Security & Abstraction
Introducing a single, standardized BuiltinValue
type — including a constructor on Data
and associated conversion builtins — eliminates the need for dual representations of multi-asset values. Without this, developers would be forced to evaluate trade-offs in every instance where value manipulation is required: either operate directly on BuiltinData
, or incur the overhead of converting to and from SOP-style encodings in order to gain performance benefits from subsequent operations on the structured representation. This added friction increases both complexity and fragmentation across the ecosystem.
Instead, developers will have:
- A consistent and canonical representation of multi-asset values.
- Simple, expressive, and performant builtins for common operations.
- Fewer footguns and edge cases to reason about in critical onchain logic.
By elevating Value
to a first-class builtin type, this CIP ensures that the semantics of Value
and its operations are uniform across all languages targeting Plutus Core. Currently, each language (e.g., Aiken, Plutarch, Helios, Plu-Ts, etc.) must independently define a Value
type and implement its operations in their standard libraries. This fragmentation introduces the risk of divergent behaviors and subtle inconsistencies across Cardano’s smart contract ecosystem.
With BuiltinValue
, all implementations inherit a single, authoritative definition of Value
and its operations, removing this burden from language authors and guaranteeing consistency across the entire platform.
This CIP ultimately shifts the responsibility for correctness and optimization away from the application layer and into the language itself — the appropriate place for enforcing invariants and performance guarantees for such a core domain primitive.
Path to Active
Acceptance Criteria
- The feature is implemented according to the implementation plan and merged into the master branch of the plutus repository.
- cardano-ledger is updated to include new protocol parameters to control costing of the new builtins.
- The feature is integrated into cardano-node and released as part of a hard fork.
Implementation Plan
The implementation of this CIP should not proceed without an empirical assessment of the effectiveness of the new primitives, as per the following plan:
- Implement the new primitives according to the specification.
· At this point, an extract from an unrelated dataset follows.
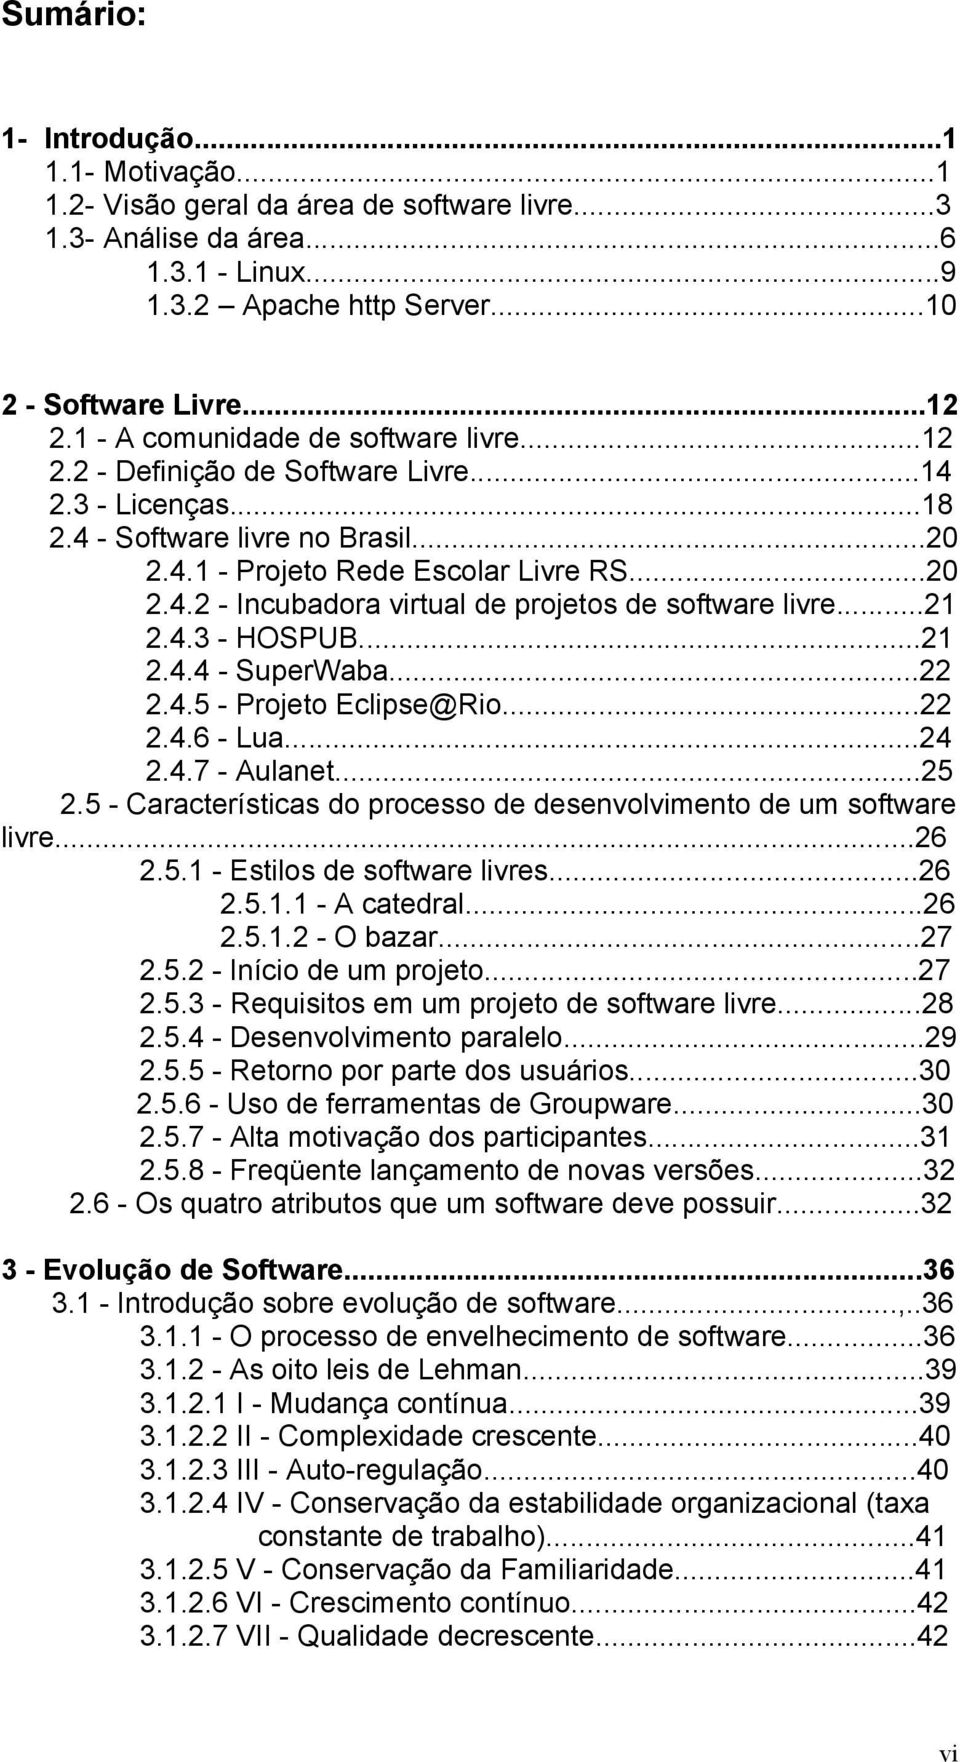 ..21 2.4.3 - HOSPUB...21 2.4.4 - SuperWaba...22 2.4.5 - Projeto Eclipse@Rio...22 2.4.6 - Lua...24 2.4.7 - Aulanet...25 2.5 - Características do processo de desenvolvimento de um software livre...26 2.

- Assign a preliminary cost to the new builtin functions. Consider similar operations and their current costs.
- Create variants of the existing benchmarks and potentially add some more.
- Check that the builtin operations over
BuiltinData = Value
are indeed significantly faster.
If the preliminary performance investigation was not successful, this CIP should be revised according to the findings of the experiment. Otherwise, the implementation can proceed:
- Determine the most appropriate costing functions for modelling the builtin's performance and assign costs accordingly.
- Add the new builtin type and functions to the appropriate sections in the Plutus Core Specification.
- Formalize the new builtin type and functions in the plutus-metatheory.
- The final version of the feature is ready to be merged into plutus and accepted by the Plutus Core team.
Copyright
This CIP is licensed under CC-BY-4.0.